*Information shown*:
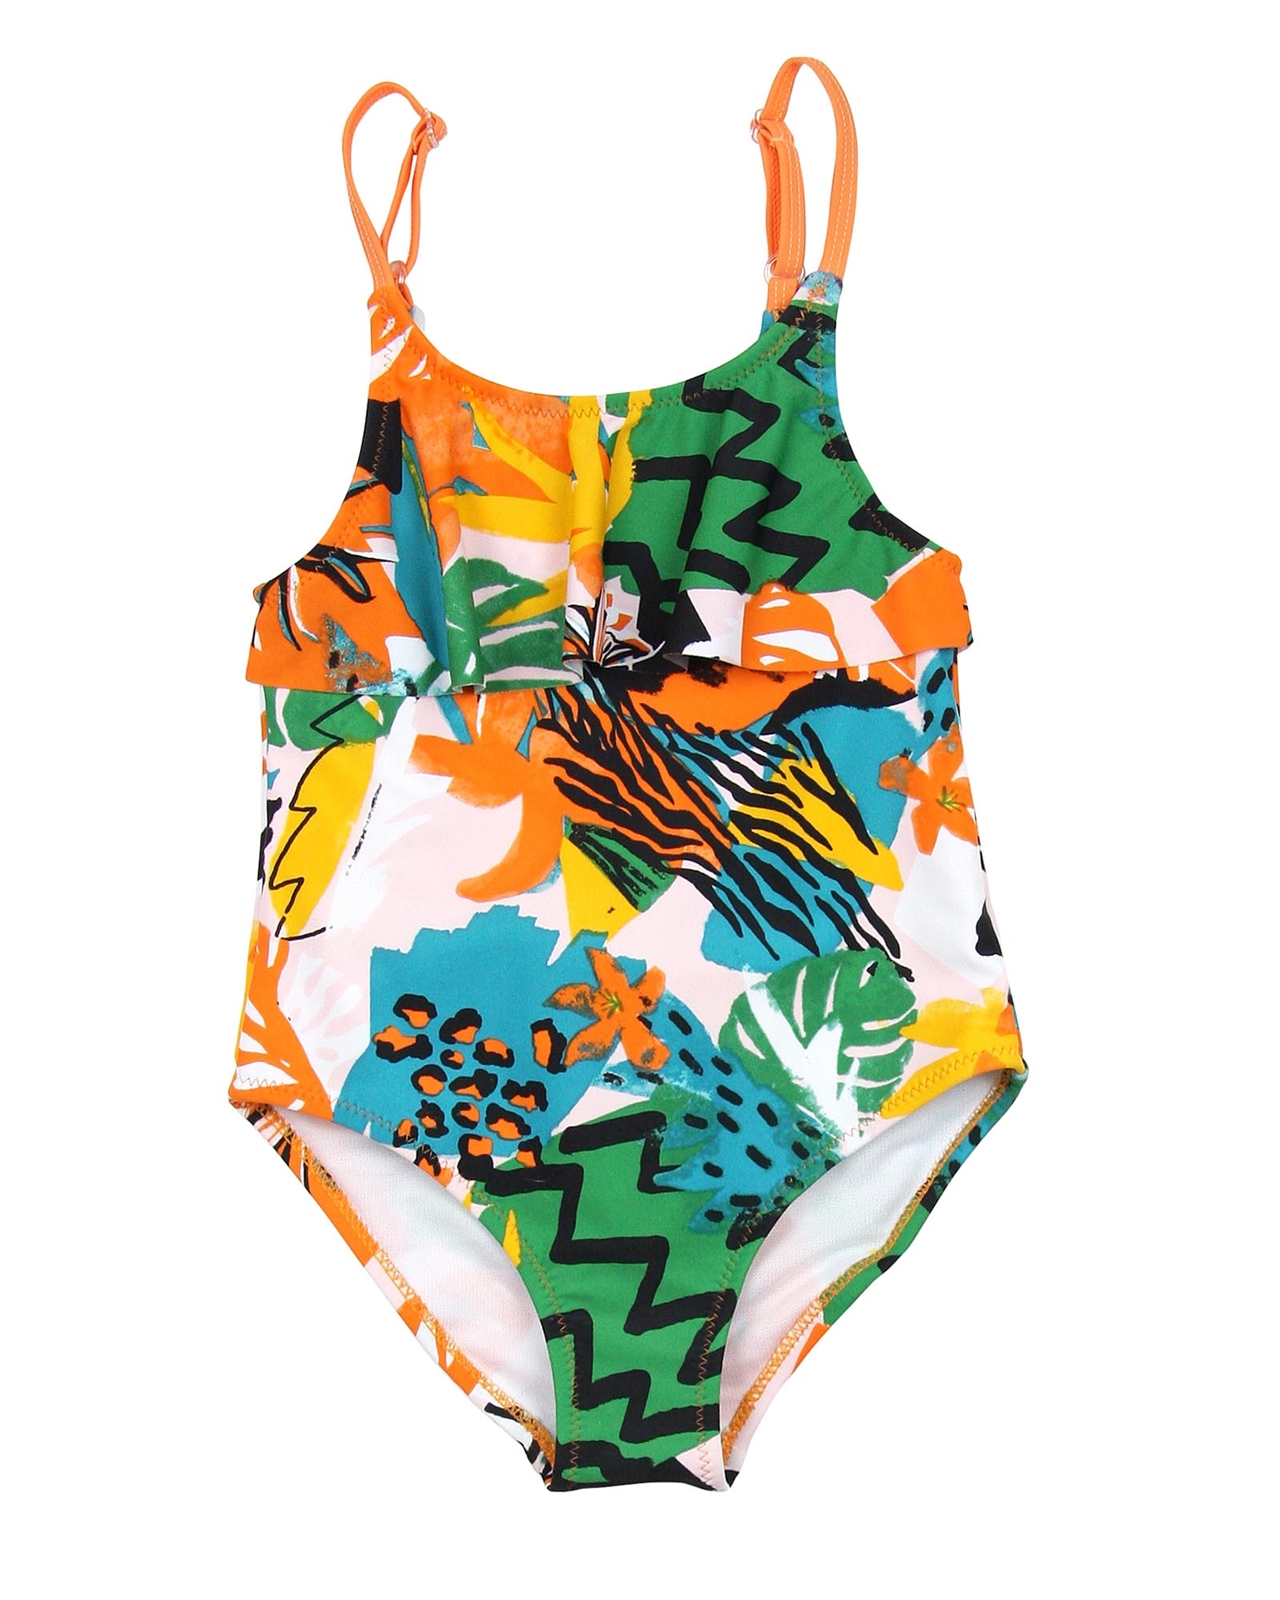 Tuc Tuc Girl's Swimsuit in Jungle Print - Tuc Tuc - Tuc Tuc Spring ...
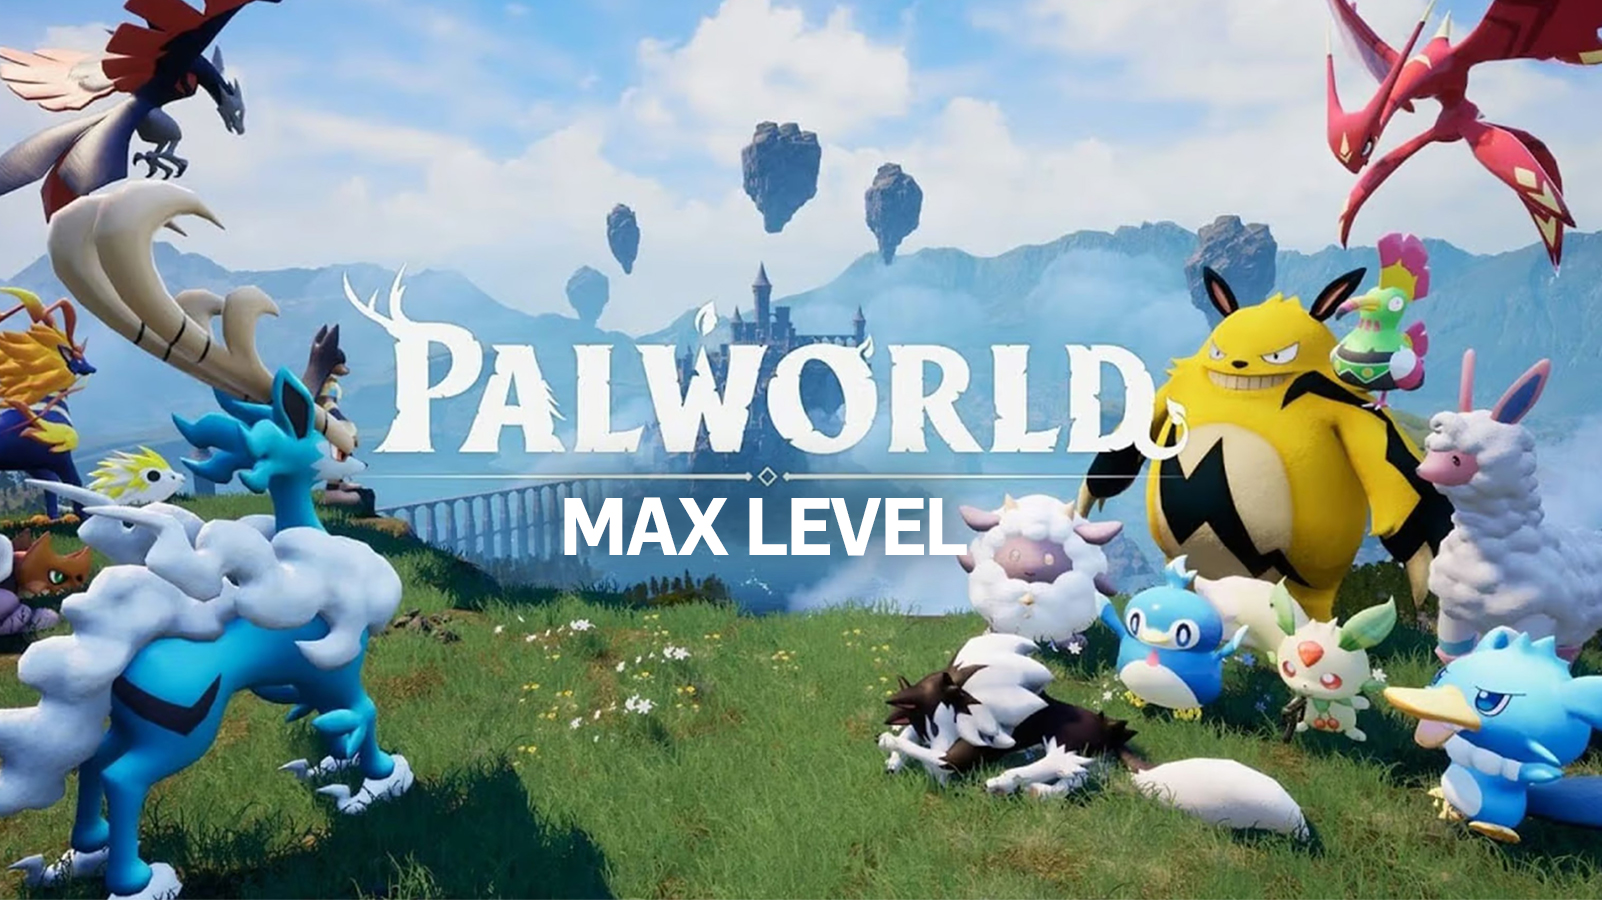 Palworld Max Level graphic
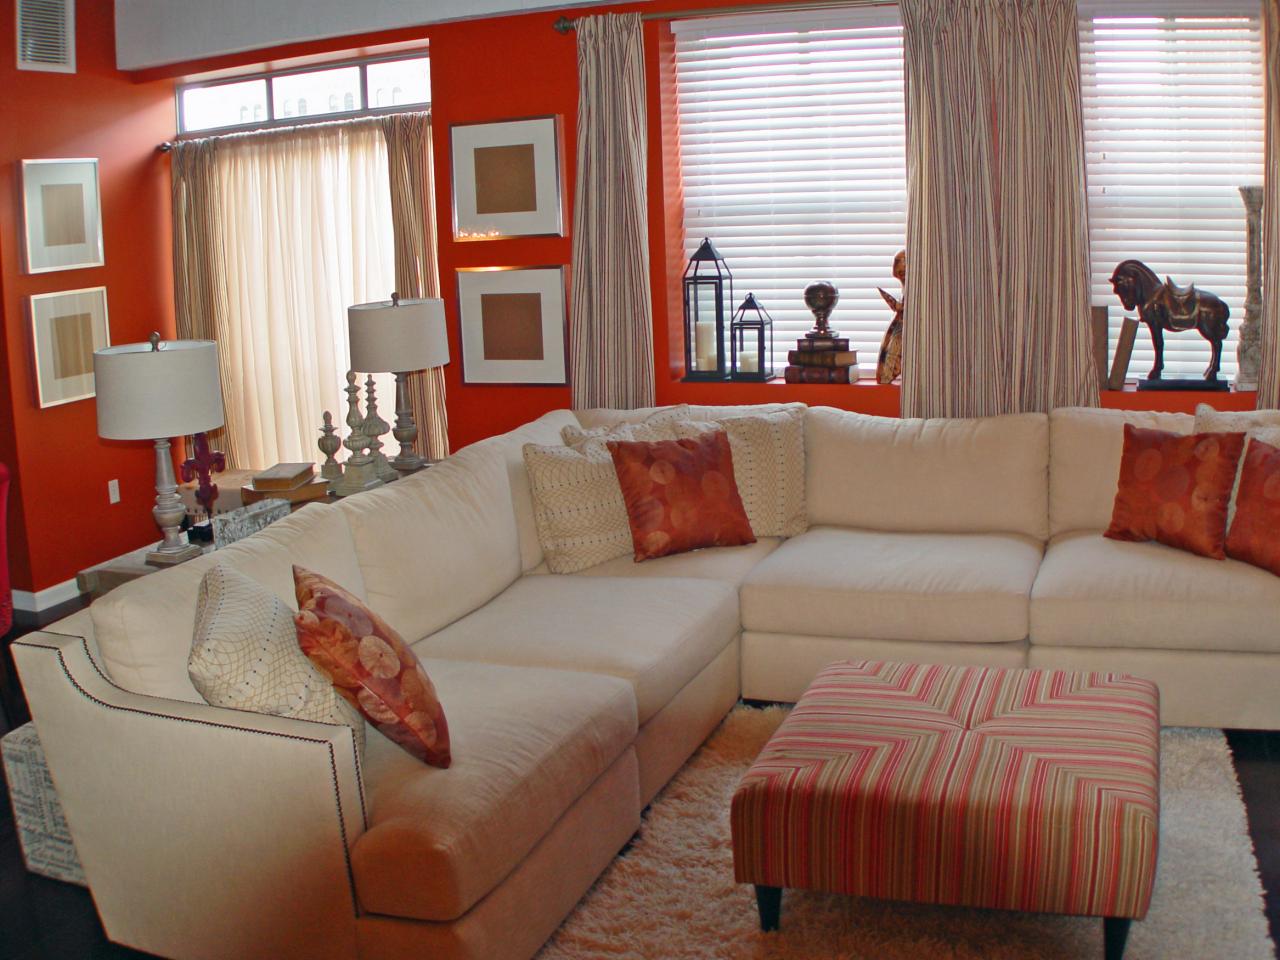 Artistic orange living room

*Goal of the exercise*:
Leave the pictures out and print the whole listing precisely.

*Answer*:
 Tuc Tuc Girl's Swimsuit in Jungle Print - Tuc Tuc - Tuc Tuc Spring ...
 Palworld Max Level graphic
 Artistic orange living room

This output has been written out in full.